International business machines corporation (20240104418). GRAPHICS PROCESSING UNIT TRAINING JOB ALLOCATION simplified abstract

From WikiPatents
Jump to navigation Jump to search

GRAPHICS PROCESSING UNIT TRAINING JOB ALLOCATION

Organization Name

international business machines corporation

Inventor(s)

Lin Dong of Beijing (CN)

Jun Feng Liu of Ontario (CA)

GRAPHICS PROCESSING UNIT TRAINING JOB ALLOCATION - A simplified explanation of the abstract

This abstract first appeared for US patent application 20240104418 titled 'GRAPHICS PROCESSING UNIT TRAINING JOB ALLOCATION

Simplified Explanation

The abstract describes a computer-implemented method for training a machine learning model using multiple GPU resources efficiently by determining available memory, loading training jobs into GPUs, and optimizing packing patterns based on a cost model.

  • Efficient training of machine learning models using multiple GPU resources
  • Determining available memory in each GPU resource
  • Loading training jobs into GPUs based on a cost model
  • Optimizing packing patterns for efficient utilization of GPU resources

Potential Applications

This technology can be applied in various fields such as image recognition, natural language processing, and autonomous driving where training large machine learning models efficiently is crucial.

Problems Solved

This technology addresses the challenge of efficiently utilizing multiple GPU resources for training machine learning models, optimizing memory usage, and improving overall training performance.

Benefits

The benefits of this technology include faster training times, improved model accuracy, reduced costs associated with training, and increased efficiency in utilizing GPU resources.
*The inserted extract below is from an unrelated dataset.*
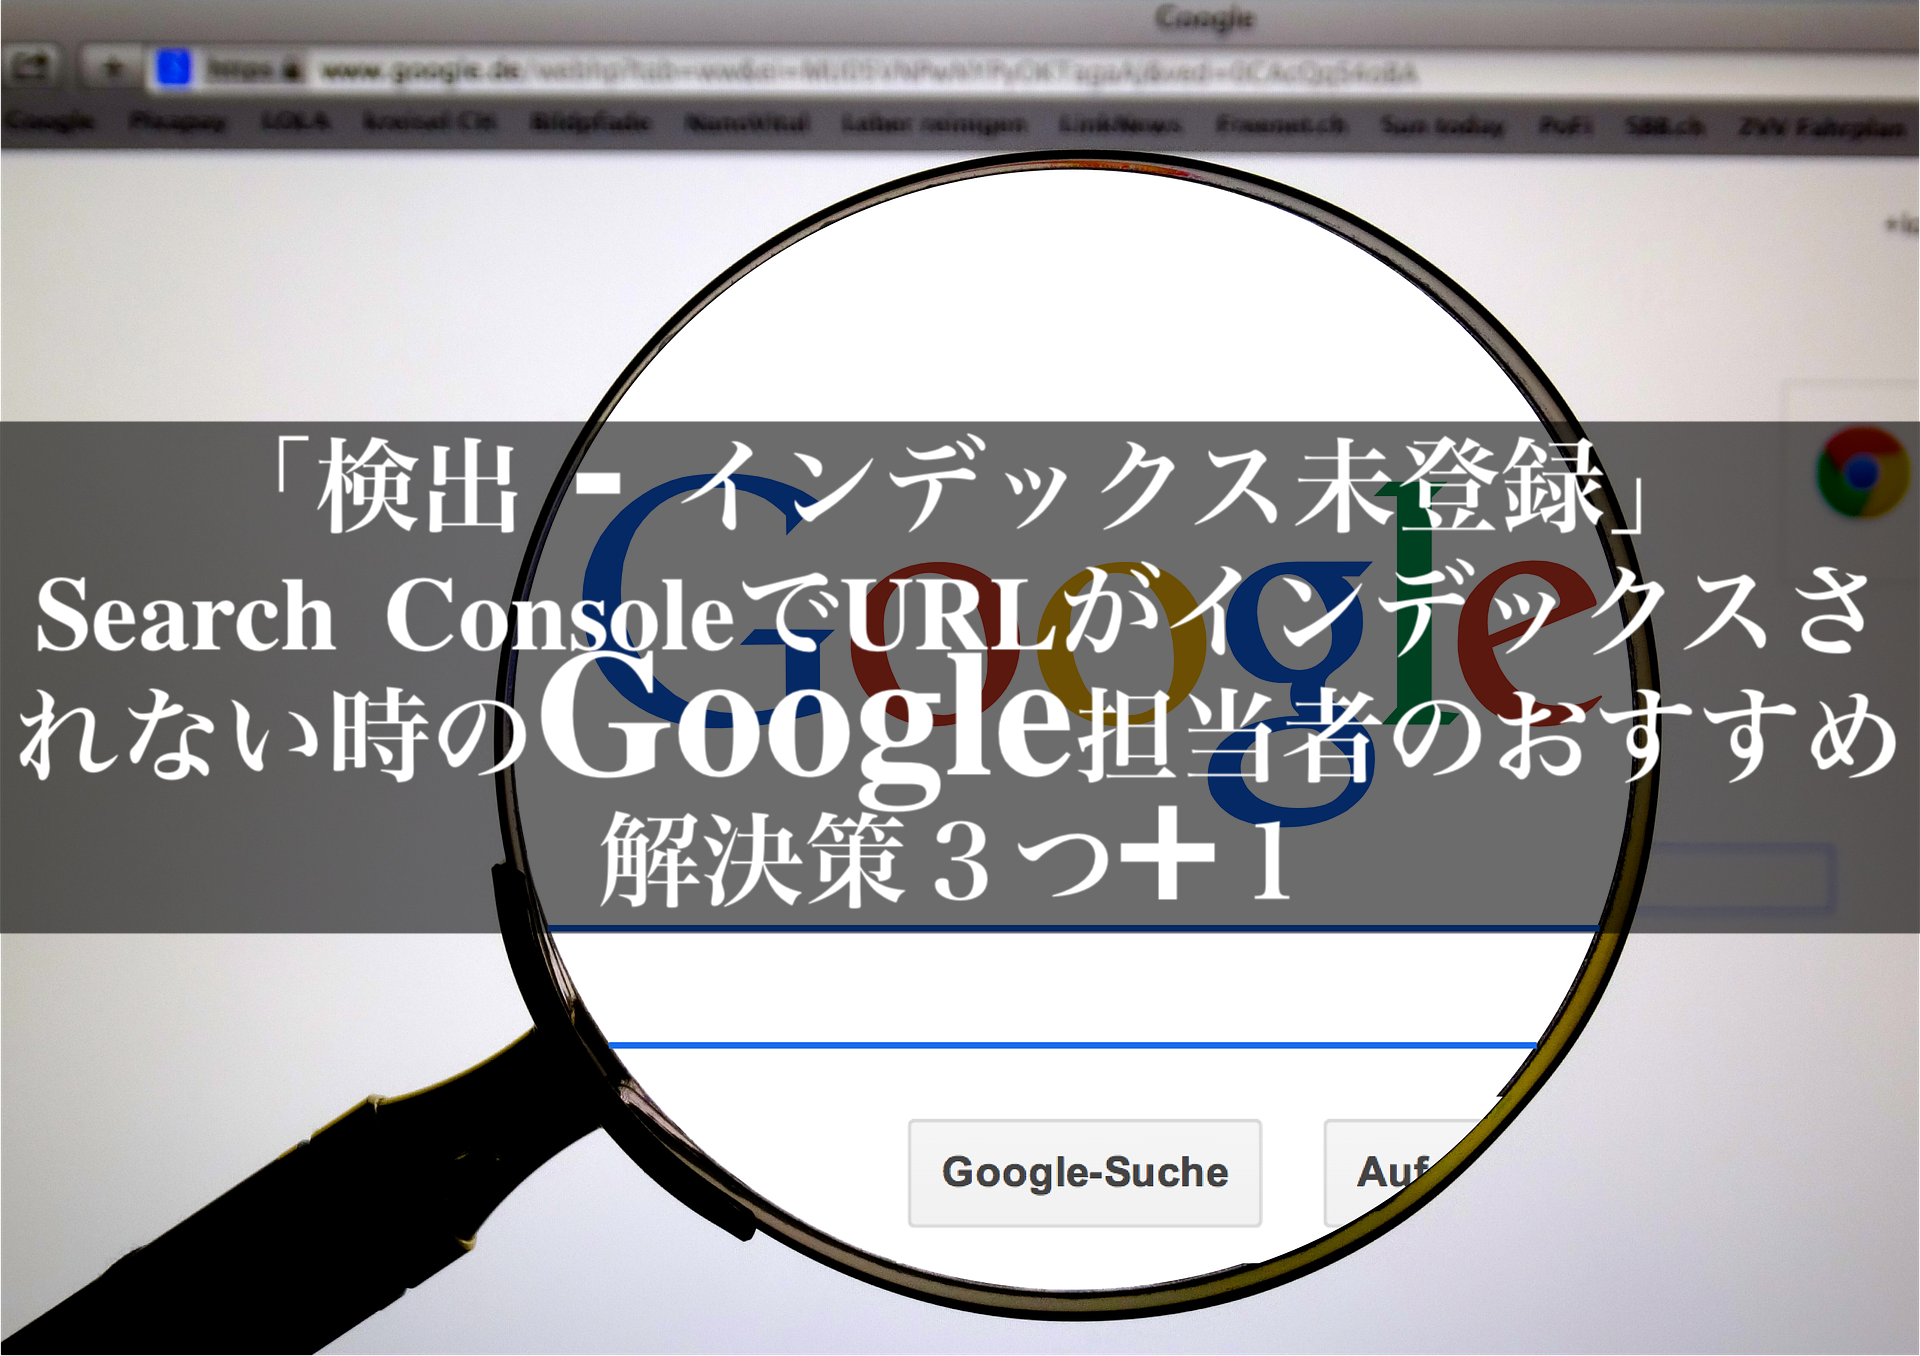 「検出 - インデックス未登録」Search ConsoleでURLがインデックスされない時のGoogle担当者のおすすめ解決策3つ+1

Potential Commercial Applications

Potential commercial applications of this technology include cloud computing services, AI development platforms, and industries requiring large-scale machine learning model training such as healthcare and finance.

Possible Prior Art

One possible prior art could be the use of parallel processing techniques in training machine learning models to improve efficiency and reduce training times. Another could be the optimization of memory usage in GPU resources for machine learning tasks.

Unanswered Questions

How does this technology compare to existing methods in terms of training speed and model accuracy?

The article does not provide a direct comparison with existing methods in terms of training speed and model accuracy.

What are the limitations or constraints of this technology in real-world applications?

The article does not discuss the potential limitations or constraints of implementing this technology in real-world applications.


Original Abstract Submitted

a computer-implemented method for training a machine learning model includes receiving a first training job at a processing device of a computer system having a plurality of graphics processing unit (gpu) resources, the first training job being part of a set of training jobs, and determining an amount of available memory in each gpu resource of the plurality of gpu resources. the method also includes loading the training job into one or more gpu resources with at least one second training job. the loading includes determining a cost model indicating an efficiency cost of each of a plurality of packing patterns, and packing the first training job and the second training job into the one or more gpu resources according to a packing pattern associated with a lowest efficiency cost.